Allister on the summit of Ciaforon
After a quick bite, we decided to get moving before any potential storms came in. On the way down we tried to contour around the steep ice we had come up. However, we were still slowed by having to rope up and use anchors to cross some icy sections before reaching the rock climbing bit again. On the way down the rock, we scrambled down half of it to make up some time on the easier sections and used anchors on only the tougher v.diff/severe bits. As we reached the end of the rock climbing bit, a huge thunderous roar let out which echoed across the mountains for miles. That’s it, we’ve had it, I thought; here comes the storm, our punishment for taking so long on the mountain. Alas, my fears were put to rest, it was just a huge rockfall some place over to our right (where I’m sure there was no-one). We moved even faster. Before reaching the main glacier, we dug our heels into the steep snow section and began trudging down.

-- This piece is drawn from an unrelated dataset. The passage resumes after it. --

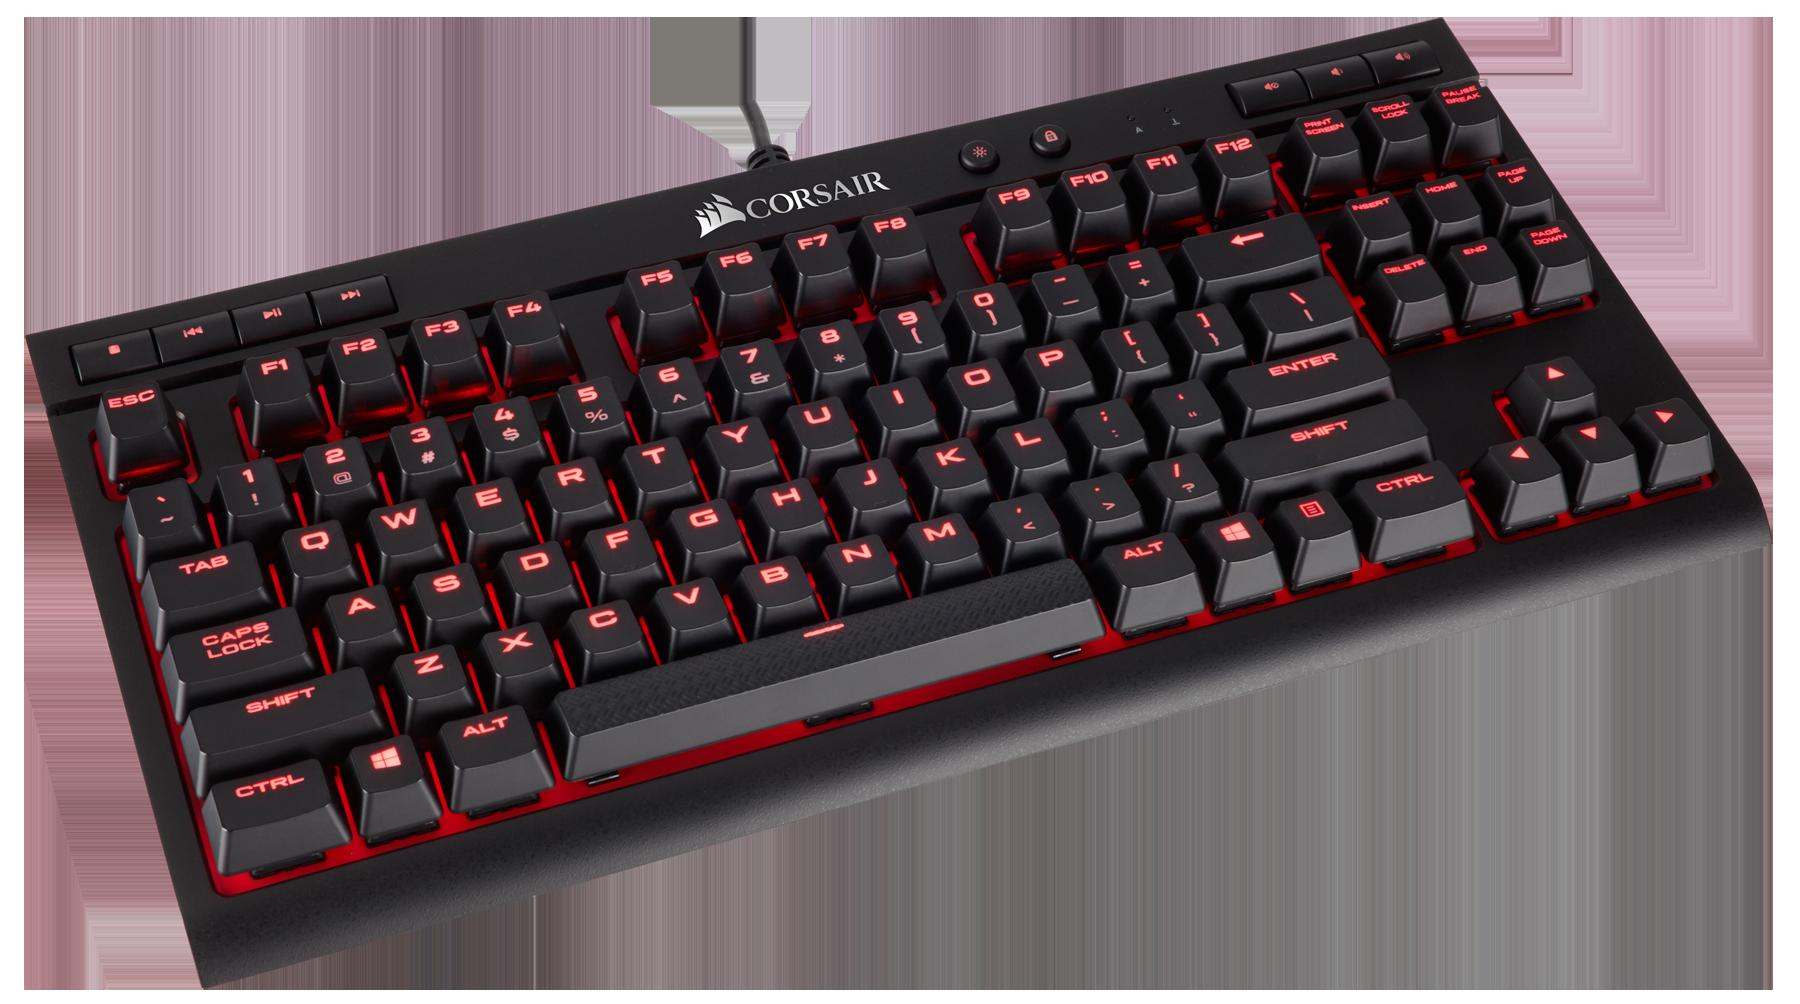 The power of CUE: CORSAIR's New Tenkeyless K63 Mechanical Gaming Keyboard

I dug my heel into the ice below the snow and stopped suddenly, to witness the snow on top of the ice take off down the mountain; a few minor avalanches of snow slid down the mountain for about 50-100m. Wow, did I just do that? Better be careful. We were a little more anxious now and quickly made our way onto the main gradual sloping glacier. Roped up crossing the glacier, we stepped across a few thin crevasses on our way down before reaching the gravelly boulder field. We arrived back to the hut at 5pm. Our planned short acclimatisation climb should have taken us approx. 8 hours (by Alpine guide book time) however, it had taken us 11 hours due to the unexpected icy conditions. So much for easing into it all and we hadn’t met another soul on the mountain that day. This was supposed to be our easy break-in day; roll on tomorrow! John and I didn’t care though, we were happy to have had such a full day of mixed climbing; that’s what we were here for, for the adventure.
Next day was Gran Paradiso and thereafter Mont Blanc. However, that is another story!